Mercy is currently the only hospital on Long Island to offer VolparaDensity and the only in New York to offer LumaGem Molecular Breast Imaging — a supplementary screening modality for women with dense breast, significantly increasing early detection in women. Unlike prior nuclear breast imaging technologies, LumaGem's newly configured detectors assist in the discovery of small breast cancers with minimal radiation exposure. In fact, MBI helps uncover 400 percent more invasive cancers than a digital mammography alone.
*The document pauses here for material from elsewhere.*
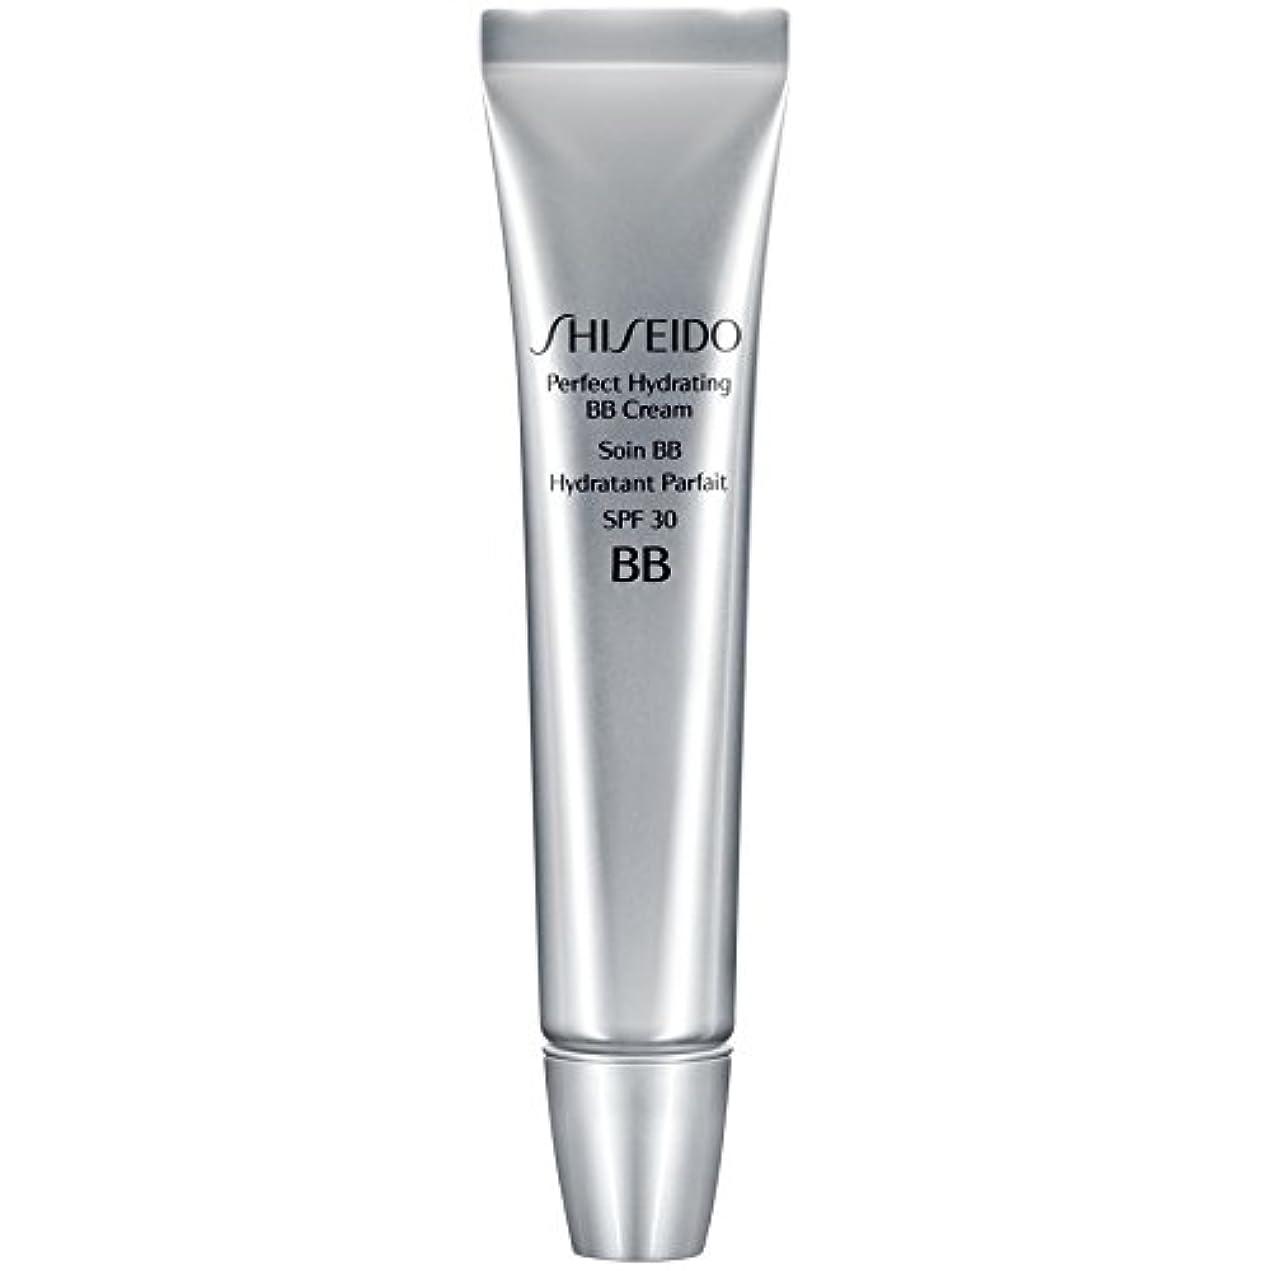 最小化するおっと浸食[Shiseido ] 資生堂完璧な水和BbクリームSpf 30 30ミリリットルの暗いです - Shiseido Perfect Hydrating BB Cream SPF 30 30ml Dark [並行輸入品]

MBI has proven to be as effective, or more, as a secondary screening method, compared to full-field ultrasound or MR, with far fewer false positives. Clinical research shows use of MBI reduces the need for tissue biopsies by 50 percent, compared to other modalities. MBI is also more comfortable and better tolerated by most patients than conventional mammography or MR.

Dr. Conellia Ha, Mercy Medical Center's director of radiology, welcomes this new federal recommendation. Together with her team at Mercy, Dr. Ha is an early adopter of recommendations and new modalities to assist in the detection of breast cancer.
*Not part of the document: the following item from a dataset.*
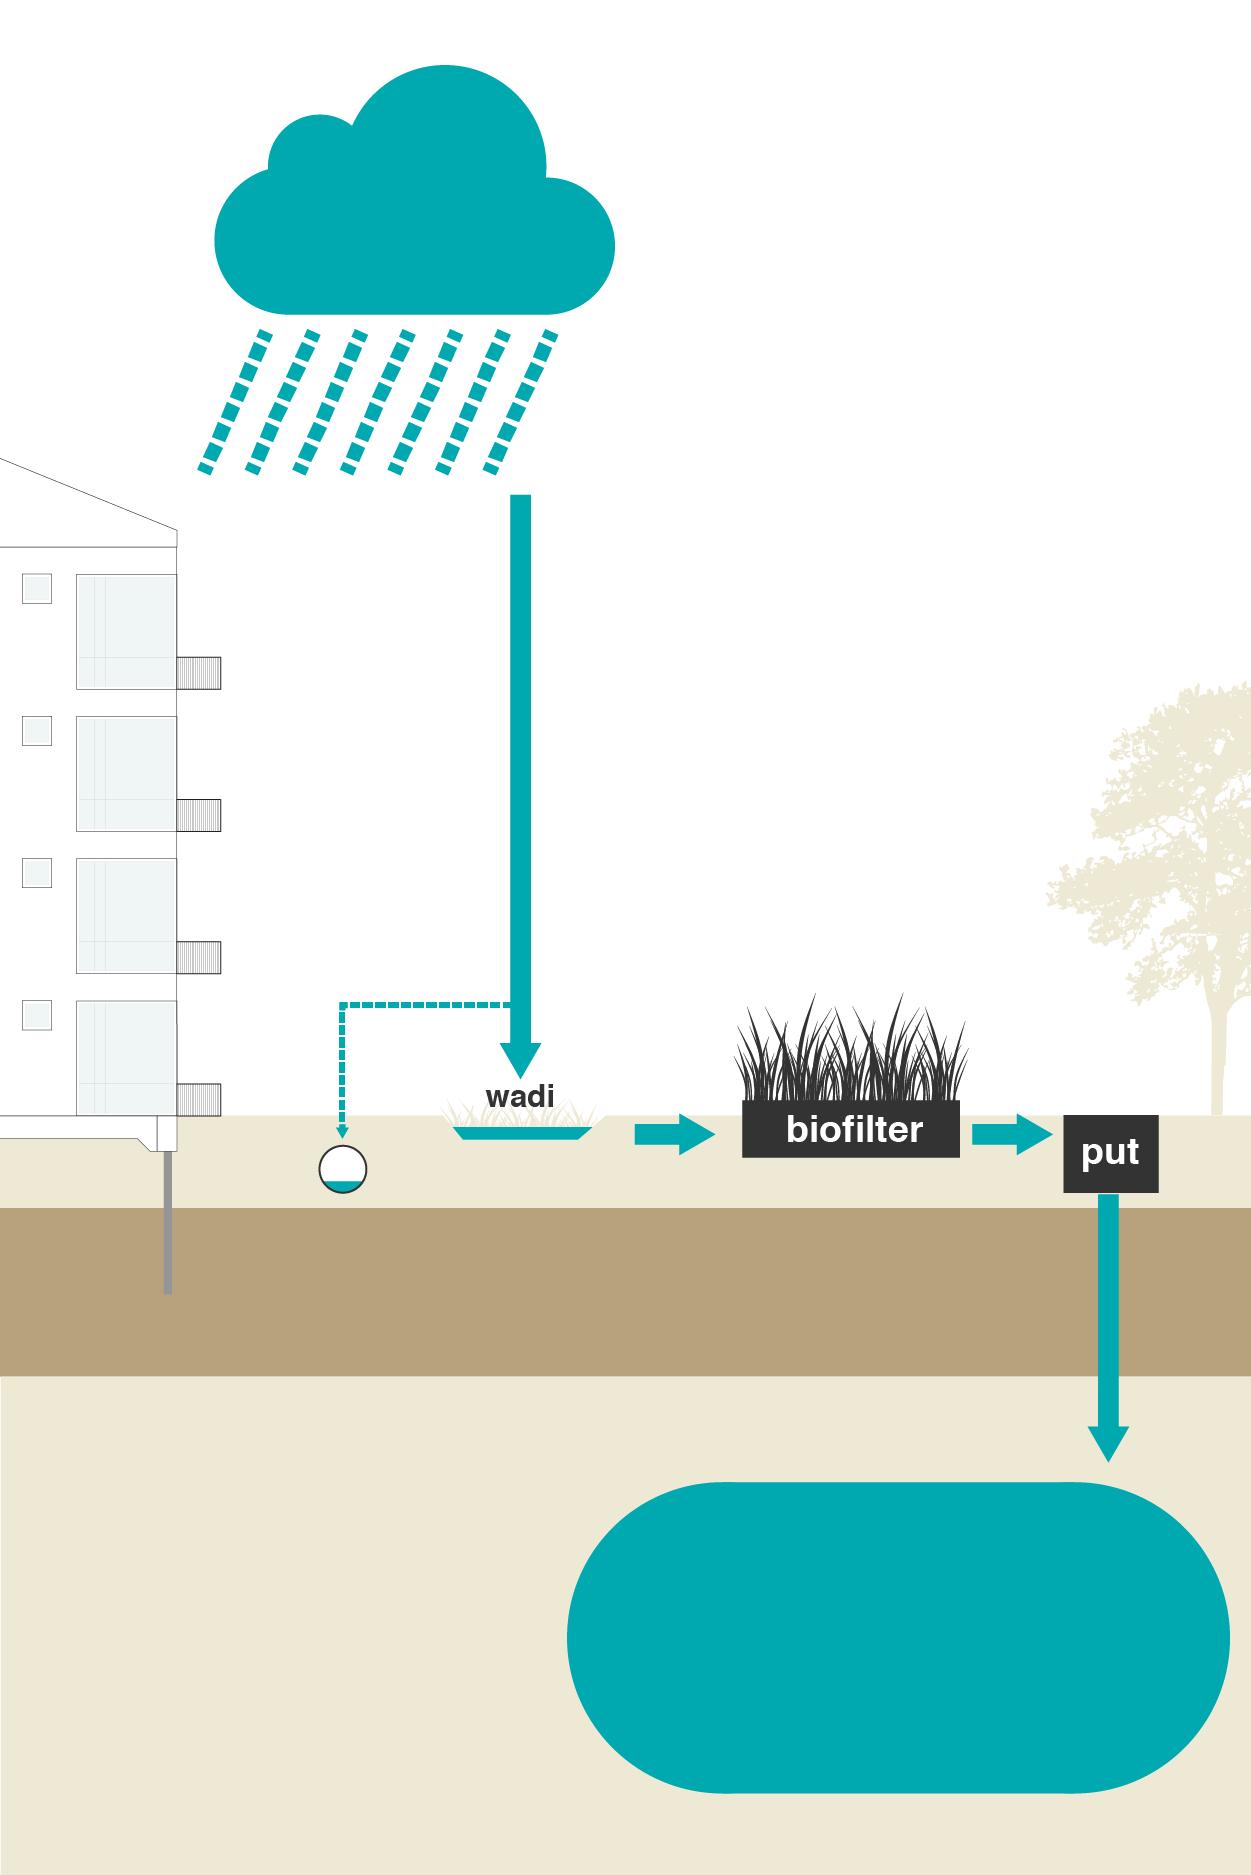 De afvoercapaciteit vergroten - Systeemcomponenten: biofilter en installaties.Met Bluebloqs wordt regenwater gezuiverd en binnen de projectgrens afgevoerd.Bluebloqs helpt asset- en facility managers om te voldoen aan regelgeving, zoals watercompensatie. Daarnaast verlaagt het kans op overstorten bij piekbuien en operationele kosten door geen water af te voeren naar de rioolwaterzuivering.Deze oplossing is geschikt in projecten zoals rioolvervanging, of wanneer oppervlaktewater of een gescheiden stelsel ontbreekt.

"In anticipation of the changing landscape of breast imaging and recognizing the need for customized breast cancer screenings, the Department of Radiology at Mercy has been proactive in taking preemptive measures to stay ahead of the curve, utilizing groundbreaking solutions like VolparaDensity and state-of-the-art technology like the MBI. In keeping with Mercy's commitment to providing the latest tools, we will shortly transition to the Tyrer-Cruzick 8 Risk Assessment Model, rather than the Gail Model, which incorporates breast density," said Dr. Ha.

Tyrer-Cuzick estimates the likelihood of a woman developing breast cancer over the course of her lifetime, which is critical to helping assess prevention and planning.

Grants like Pink Aid help support breast health services for the uninsured and underinsured on Long Island. This year's Pink Aid grant, for $30,000, supports complimentary breast cancer screenings, breast biopsies and secondary screenings like the MBI at Mercy Medical Center.

MBI technology costs the patient around $450 and is not always covered.

MBI was donated to Mercy Medical Center by the Friends of Mercy Medical Center, an organization of men dedicated to volunteering their time and efforts to raise funds for the advancement of medical and surgical care for the patients at Mercy.